维基百科对字符串相似度(Damerau–Levenshtein distance)的定义是:

In information theory and computer science, the Damerau–Levenshtein distance (named after Frederick J. Damerau and Vladimir I. Levenshtein) is a "distance" (string metric) between two strings, i.e., finite sequence of symbols, given by counting the minimum number of operations needed to transform one string into the other, where an operation is defined as an insertion, deletion, or substitution of a single character, or atransposition of two adjacent characters. In his seminal paper[1], Damerau not only distinguished these four edit operations but also stated that they correspond to more than 80% of all human misspellings. Damerau's paper considered only misspellings that could be corrected with at most one edit operation. The corresponding edit distance, i.e., dealing with multiple edit operations, known as the Levenshtein distance, was introduced by Levenshtein,[2] but it did not include transpositions in the set of basic operations. The name Damerau–Levenshtein distance is used to refer to the edit distance that allows multiple edit operations including transpositions, although it is not clear whether the term Damerau–Levenshtein distanceis sometimes used in some sources as to take into account non-adjacent transpositions or not.

简单翻译下,两个字符序列的DL距离,就是从一个变换到另一个的最小操作次数。这个变换包括插入一个字符删除一个字符替换一个字符、或互换两个相邻字符

而所谓“编辑距离(edit distance,或叫Levenshtein distance)”,并不包含互换两个相邻字符

主要应用是在字符拼写检查上,当然也可以用在其他地方,比方不少输入法就提供类似的校正功能(搜狗拼音输入法即实现了此功能)。

看起来简单,实现还是有一定困难的,好在有牛人已经做好相应的函数,如 KambizHow to match two strings approximately 中提供了两个函数:

计算DL距离的函数DamerauLevenshteinDistance(Str1, Str2)
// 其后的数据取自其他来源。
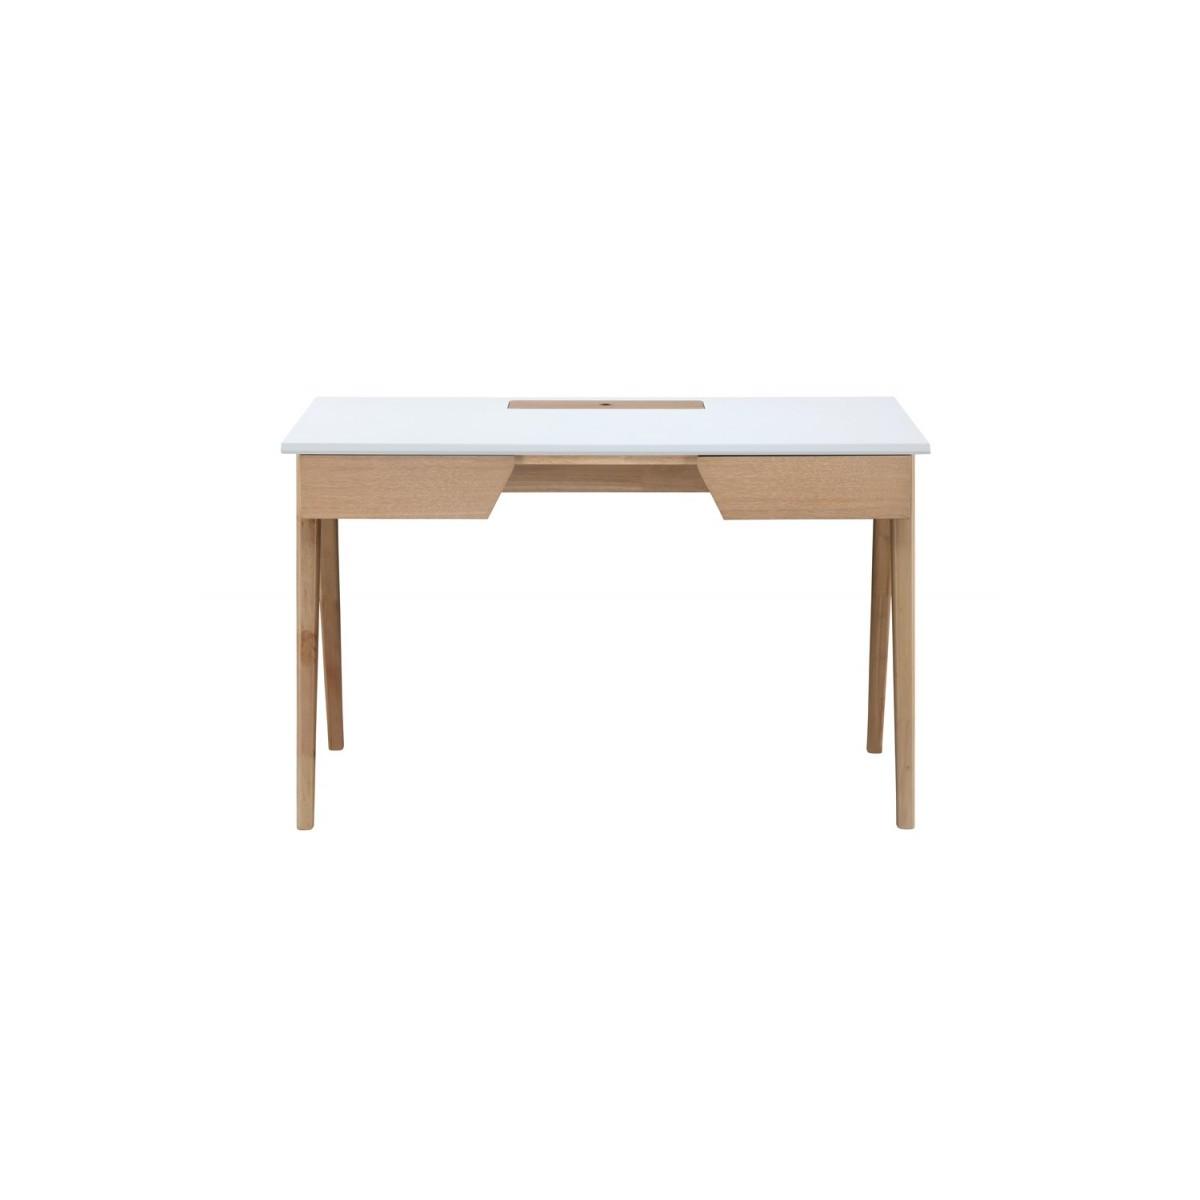 richtige burogestaltung und skandinavischen timeo aus holz 120 cm klar white oak amp story 5436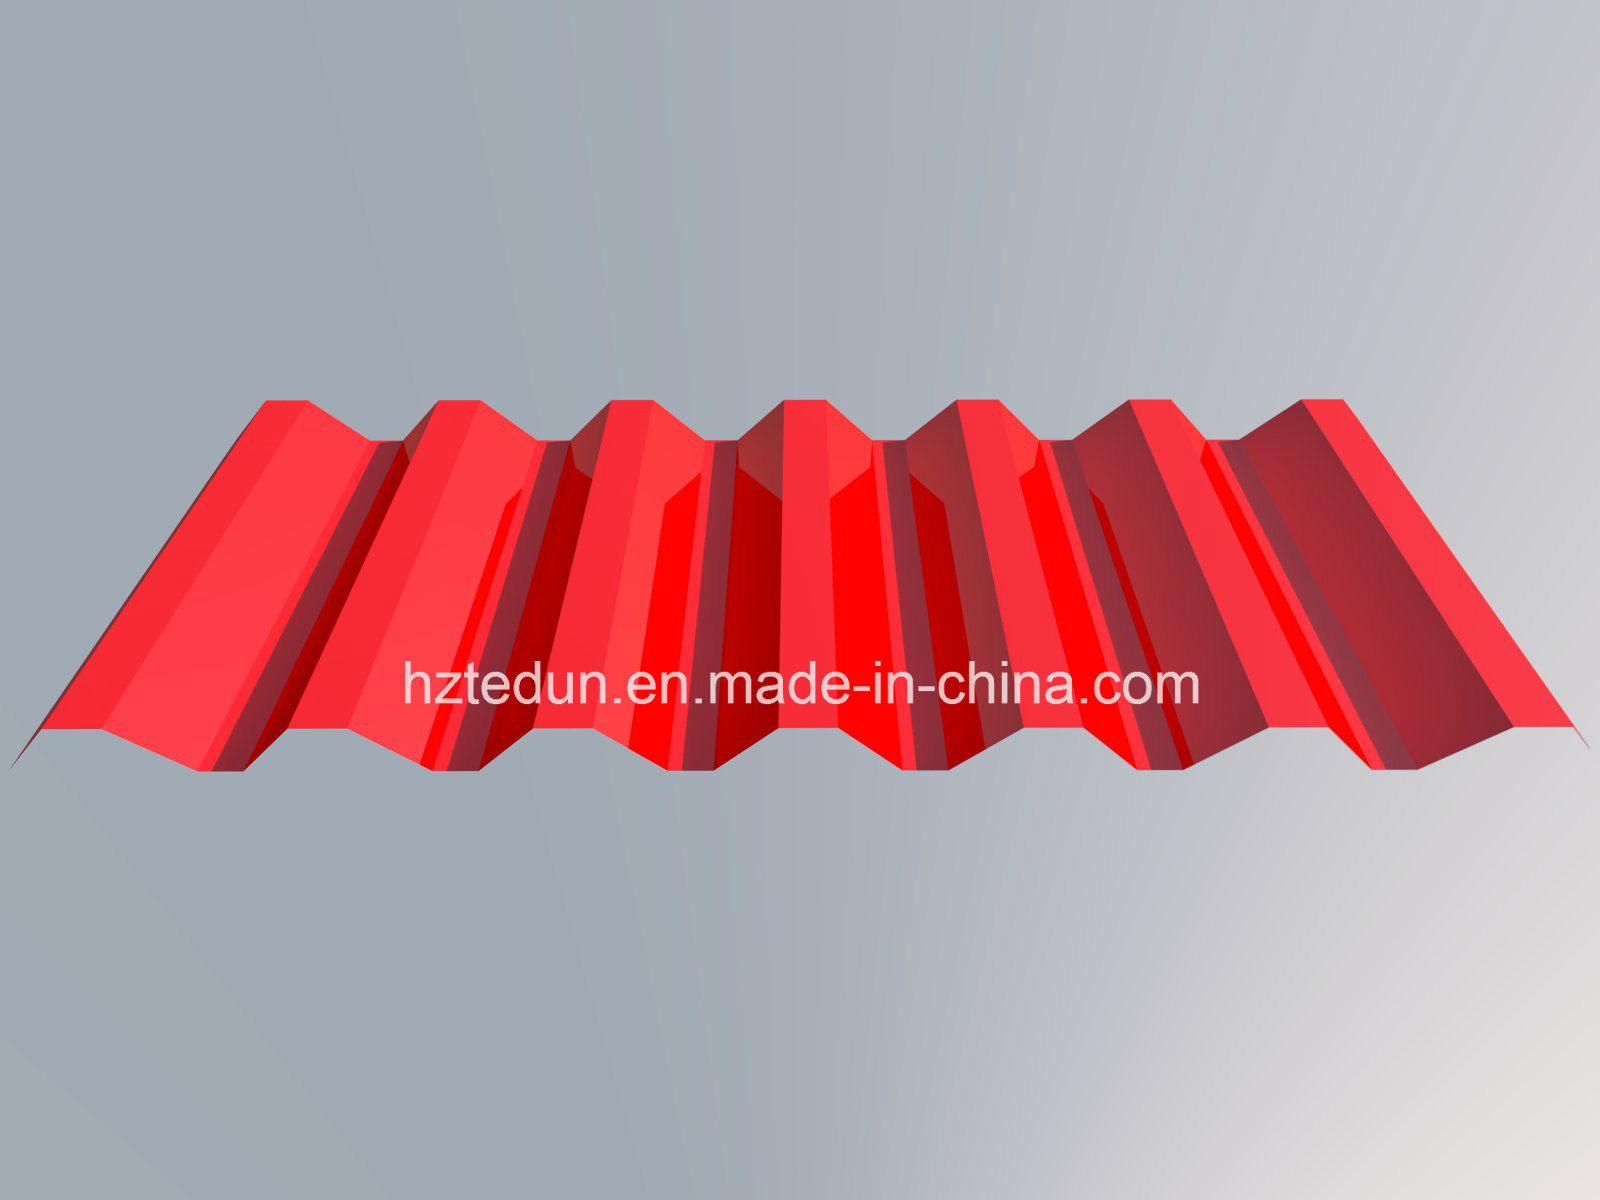 t le d 39 acier enduite d 39 une premi re couche de peinture pour la toiture fer grey7011 photo sur. Black Bedroom Furniture Sets. Home Design Ideas

function DamerauLevenshteinDistance(const Str1, Str2: string): Integer;
var
  LenStr1, LenStr2: Integer;
  I, J, T, Cost, Minimum: Integer;
  pStr1, pStr2, S1, S2: PChar;
  D, RowPrv2, RowPrv1, RowCur, Temp: PIntegerArray;
begin
  LenStr1 := Length(Str1);
  LenStr2 := Length(Str2);

  // to save some space, make sure the second index points to the shorter string
  if LenStr1 < LenStr2 then begin
    T := LenStr1;
    LenStr1 := LenStr2;
    LenStr2 := T;
    pStr1 := PChar(Str2);
    pStr2 := PChar(Str1);
  end
  else begin
    pStr1 := PChar(Str1);
    pStr2 := PChar(Str2);
  end;

  // to save some time and space, look for exact match
  while (LenStr2 <> 0) and (pStr1^ = pStr2^) do begin
    Inc(pStr1);
    Inc(pStr2);
    Dec(LenStr1);
    Dec(LenStr2);
  end;

  // when one string is empty, length of the other is the distance
  if LenStr2 = 0 then begin
    Result := LenStr1;
    Exit;
  end;

  // calculate the edit distance
  T := LenStr2 + 1;
  GetMem(D, 3 * T * SizeOf(Integer));
  FillChar(D^, 2 * T * SizeOf(Integer), 0);
  RowCur := D;
  RowPrv1 := @D[T];
  RowPrv2 := @D[2 * T];
  S1 := pStr1;

  for I := 1 to LenStr1 do begin
    Temp := RowPrv2;
    RowPrv2 := RowPrv1;
    RowPrv1 := RowCur;
    RowCur := Temp;
    RowCur[0] := I;
    S2 := pStr2;

    for J := 1 to LenStr2 do begin
      Cost := Ord(S1^ <> S2^);
      Minimum := RowPrv1[J - 1] + Cost;                 // substitution
      T := RowCur[J - 1] + 1;                           // insertion

      if T < Minimum then Minimum := T;

      T := RowPrv1[J] + 1;                              // deletion

      if T < Minimum then Minimum := T;

      if (I <> 1) and (J <> 1) and (S1^ = (S2 - 1)^) and (S2^ = (S1 - 1)^) then begin
        T := RowPrv2[J - 2] + Cost;                     // transposition

        if T < Minimum then Minimum := T;
      end;

      RowCur[J] := Minimum;
      Inc(S2);
    end;

    Inc(S1);
  end;

  Result := RowCur[LenStr2];
  FreeMem(D);
end;

还有计算字符串相似度的函数 StringSimilarityRatio(Str1, Str2, IgnoreCase): Double;

返回值在0到1之间,0表示不相似,1表示完全相似。

function StringSimilarityRatio(const Str1, Str2: string; IgnoreCase: Boolean): Double;
var
  MaxLen: Integer;
  Distance: Integer;
begin
  Result := 1.0;

  if Length(Str1) > Length(Str2) then
    MaxLen := Length(Str1)
  else
    MaxLen := Length(Str2);

  if MaxLen <> 0 then begin
    if IgnoreCase then
      Distance := DamerauLevenshteinDistance(LowerCase(Str1), LowerCase(Str2))
    else
      Distance := DamerauLevenshteinDistance(Str1, Str2);

    Result := Result - (Distance / MaxLen);
  end;
end;

后来data man 参考一个德国人的ApproxStrUtils单元(该单元计算的是L距离,不是DL距离)给出一个据说效率更高的DL距离函数遗憾的是调用它会有“Invalid Pointer Operation”的报错,还没有Debug出问题所在,所以暂时先用前一个版本吧。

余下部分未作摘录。